◆ **Material provided**
▽
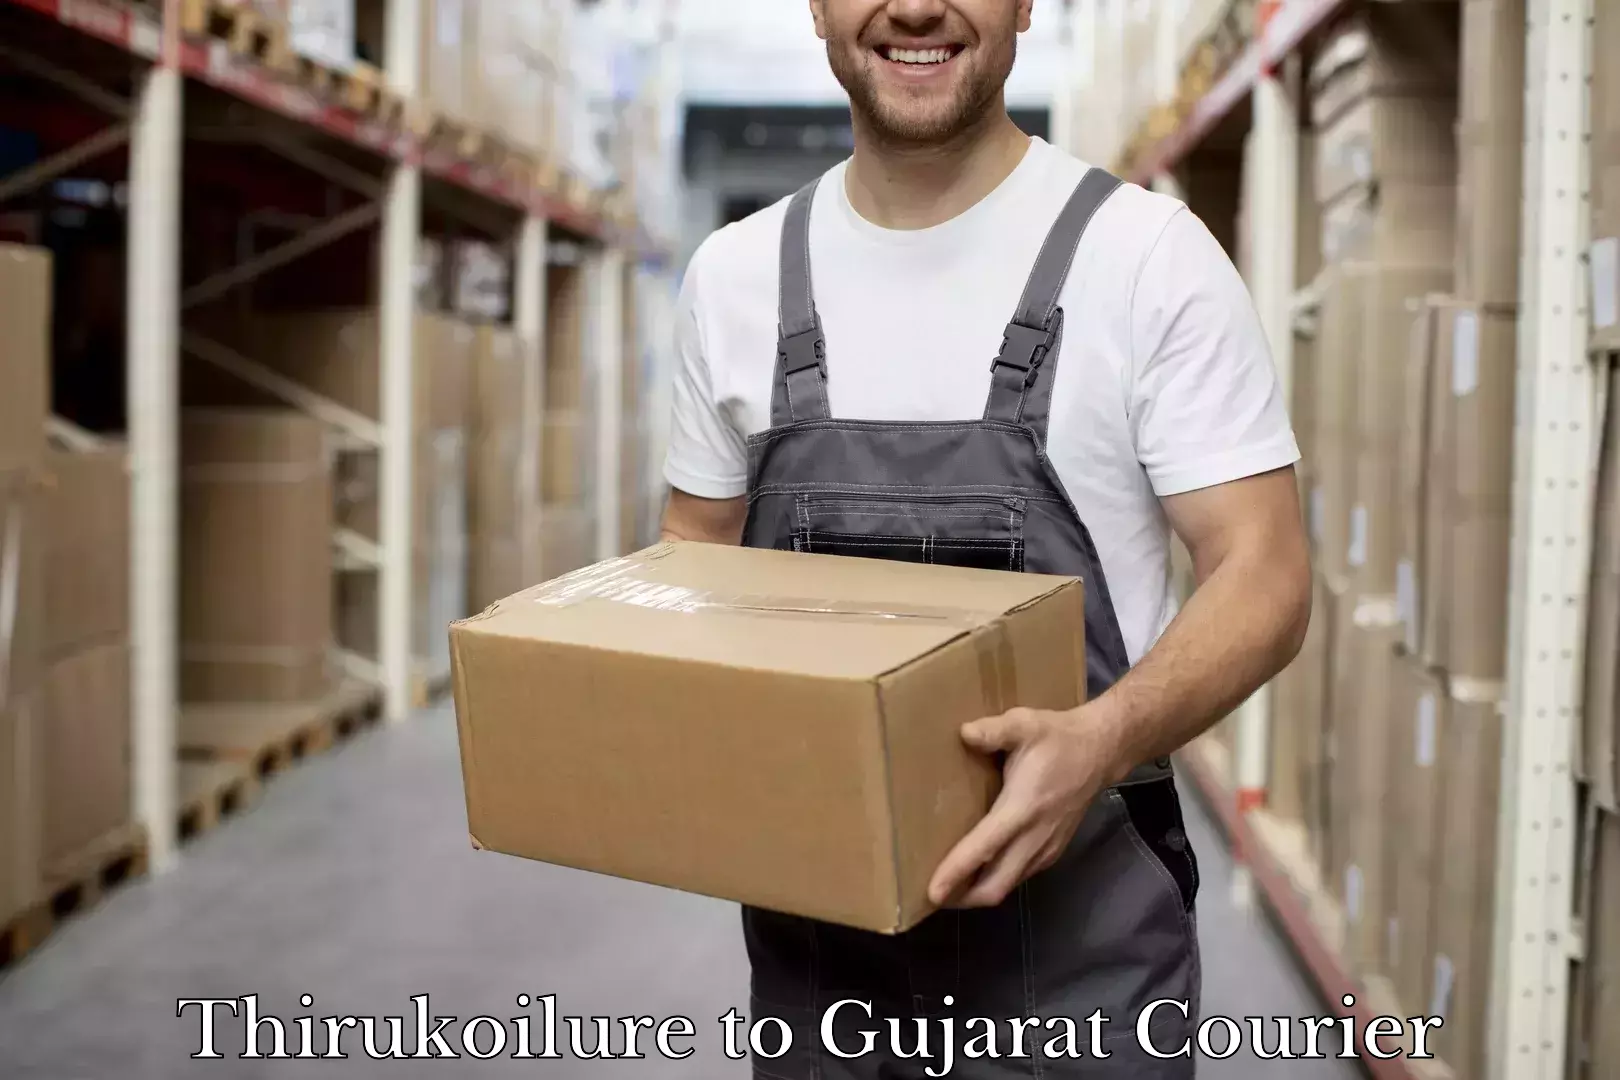 Luggage shipment processing Thirukoilure to Gujarat
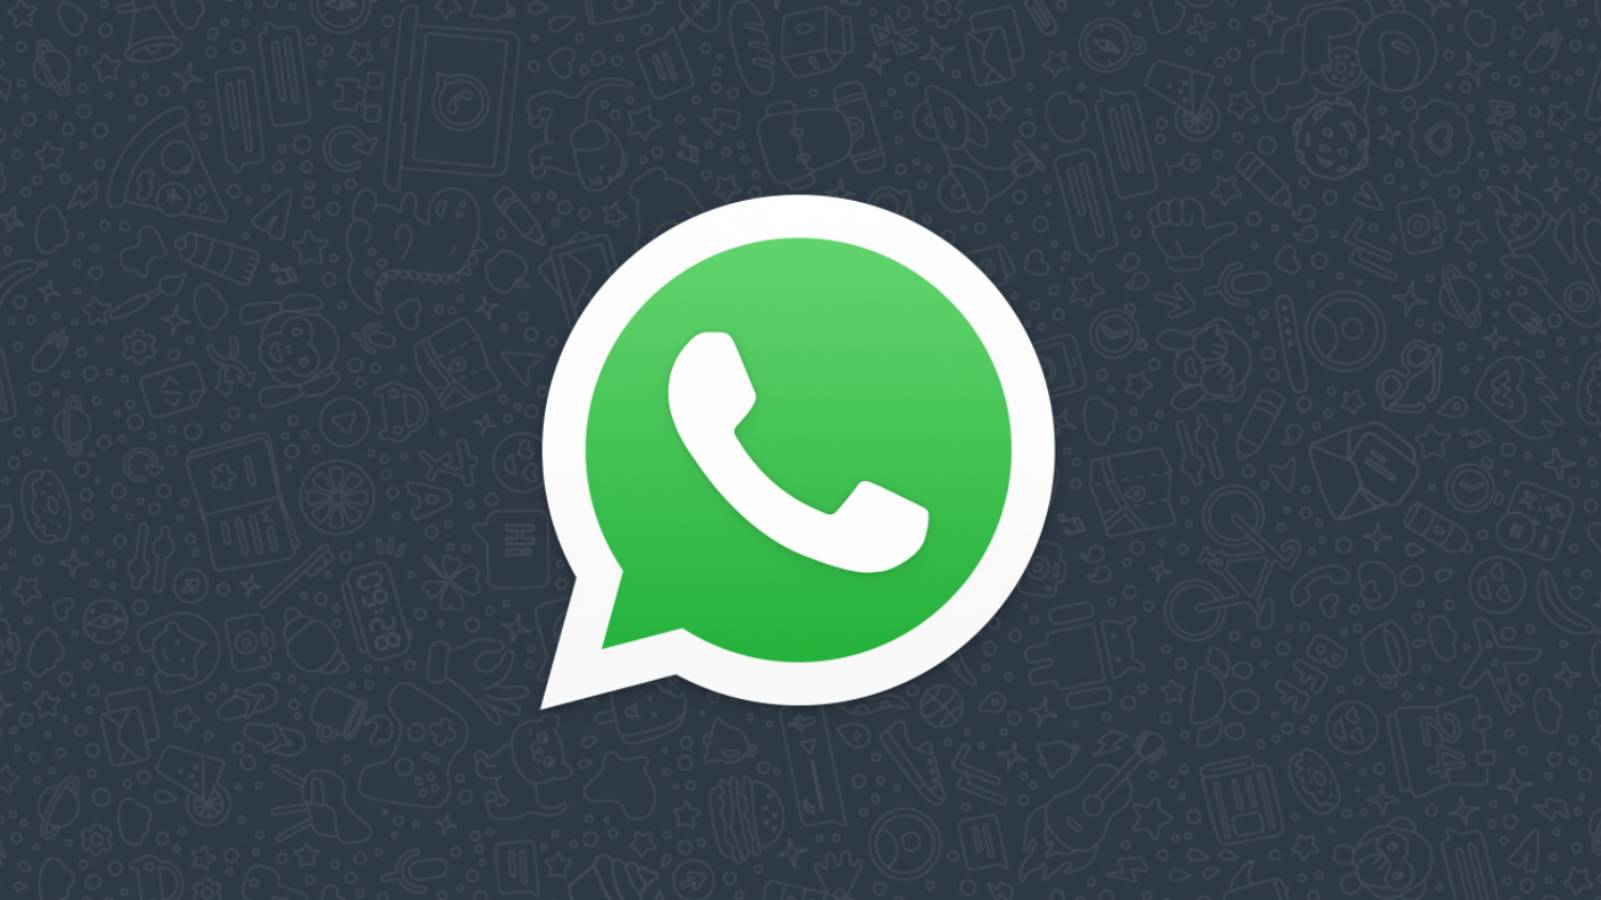 Almacenamiento de whatsapp
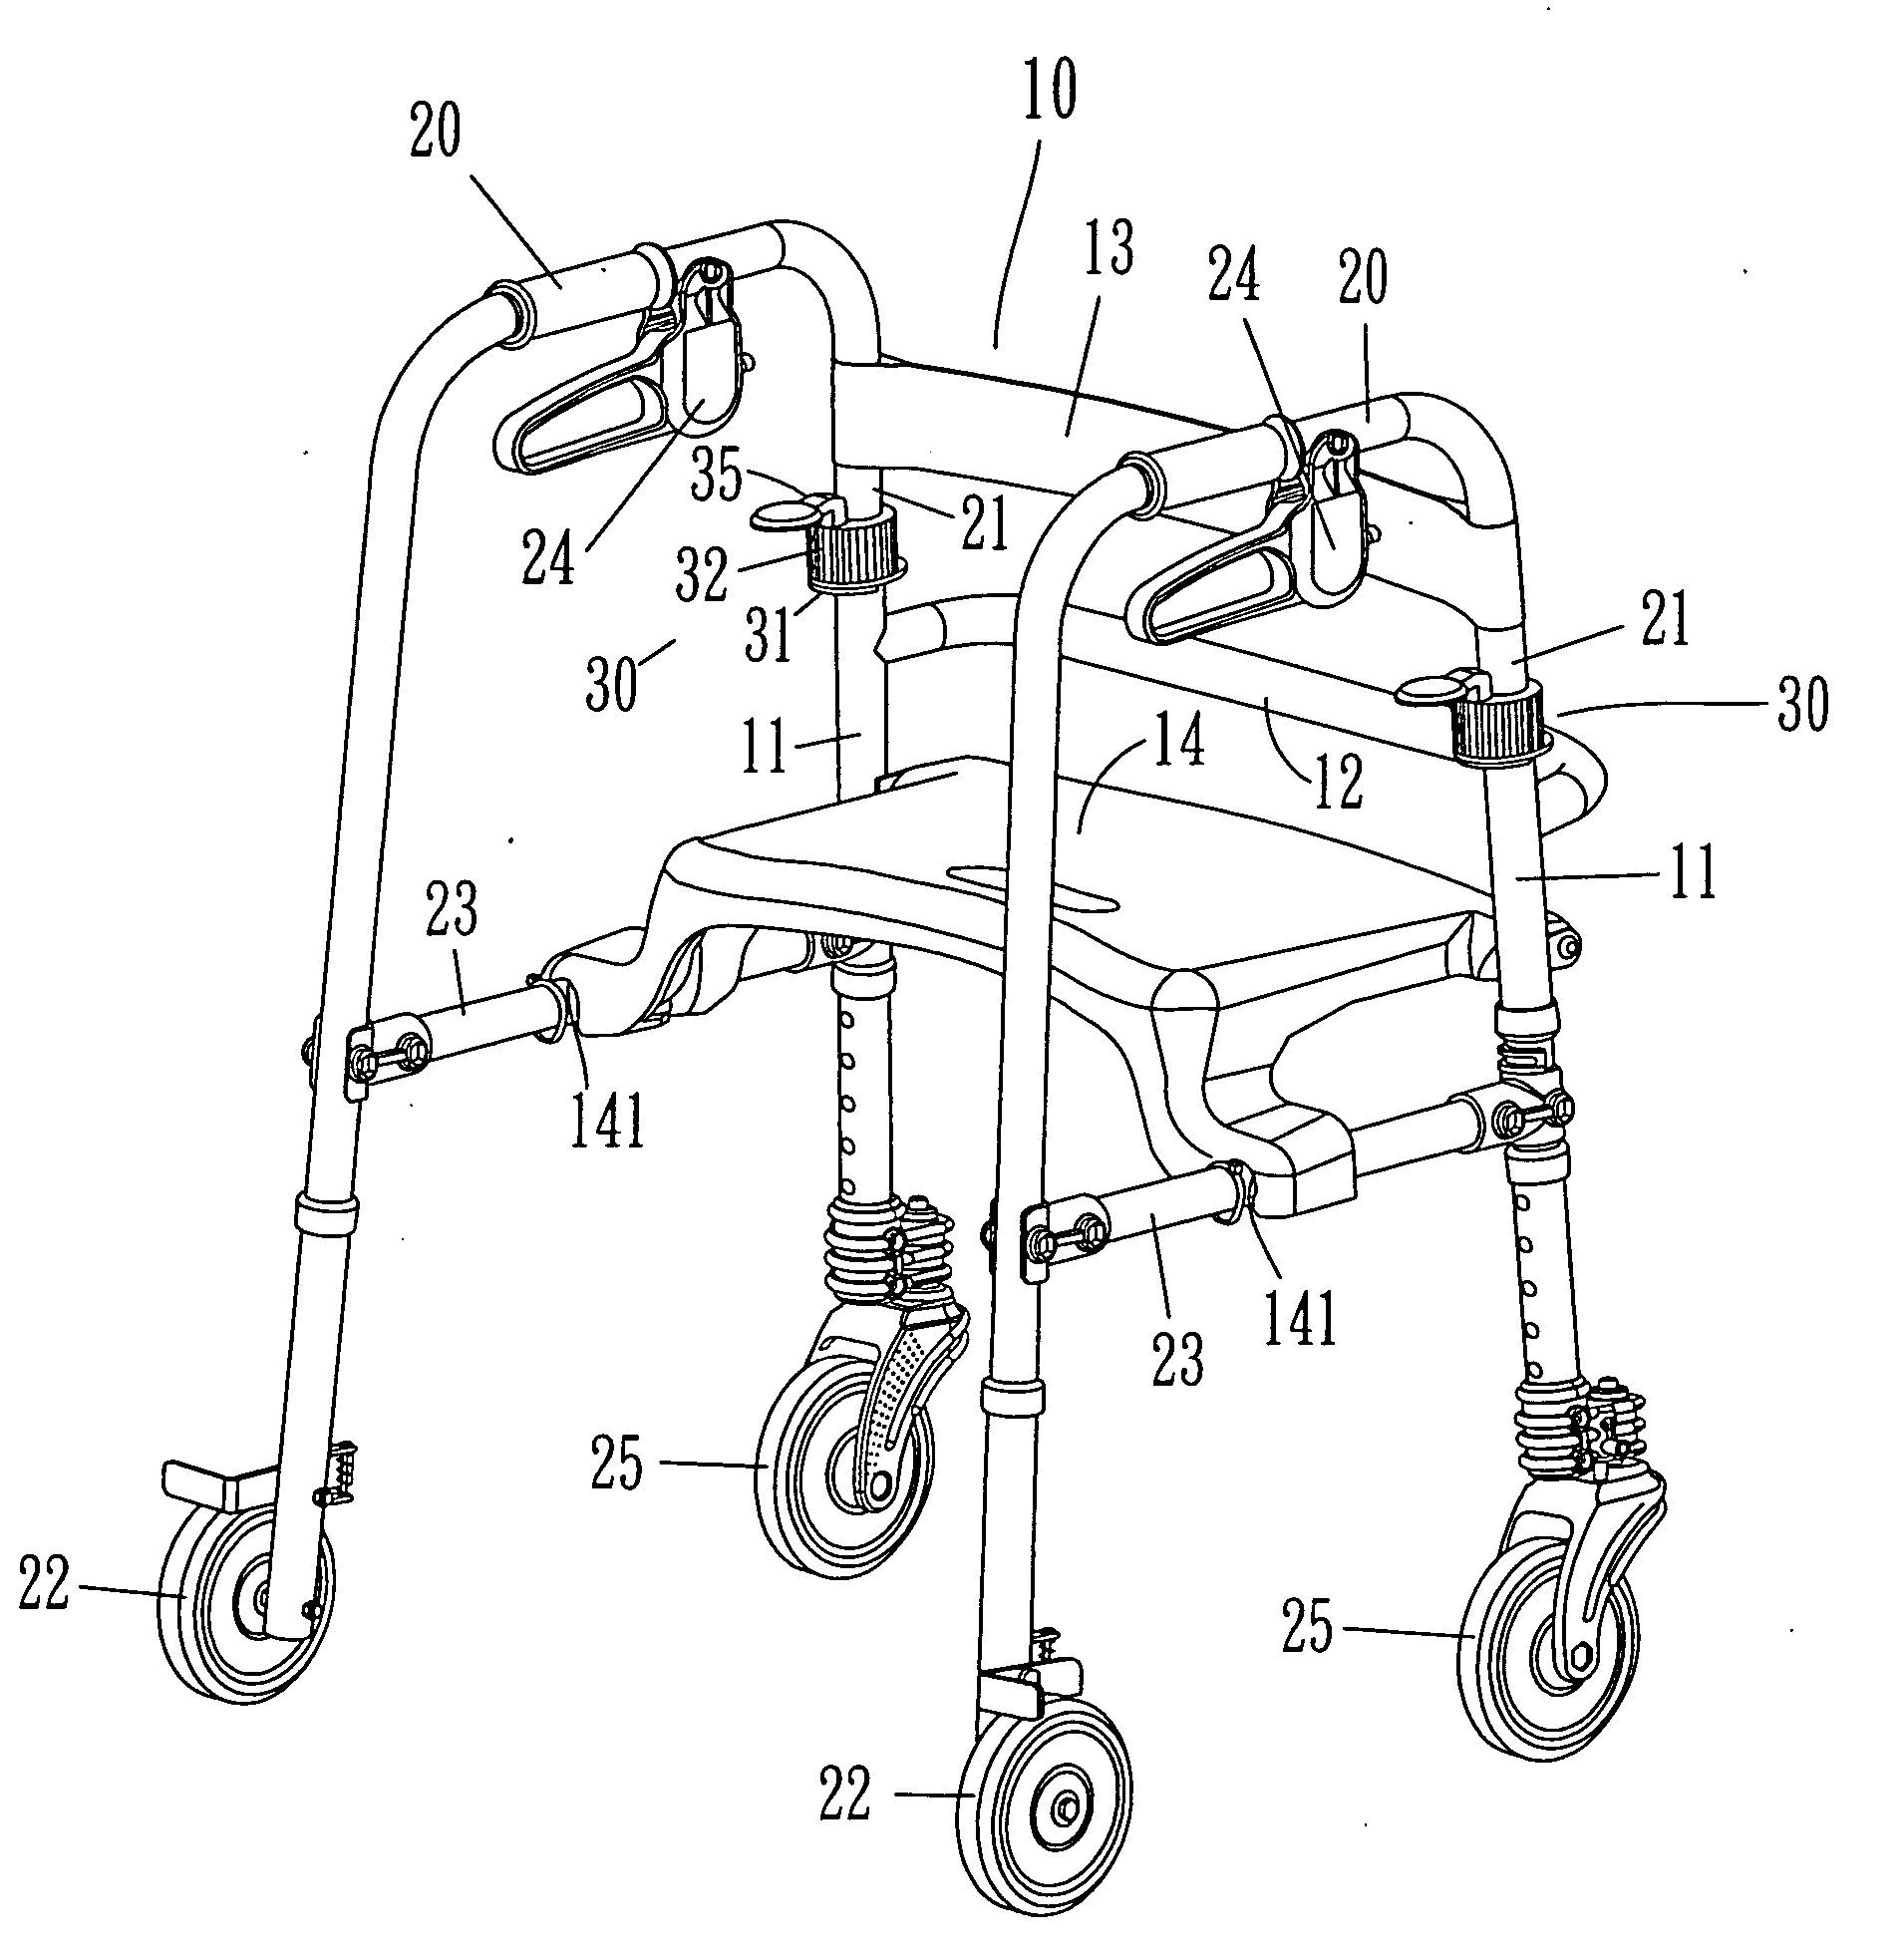 Lock assembly of foldable walker
△
◆ **Your goal**
Leaving the pictures out, transcribe word for word the lines from the one with "Almacenamiento de whatsapp" to the end of the material above, inclusive, and nothing else.

◆ **Answer section**
 Almacenamiento de whatsapp
 Lock assembly of foldable walker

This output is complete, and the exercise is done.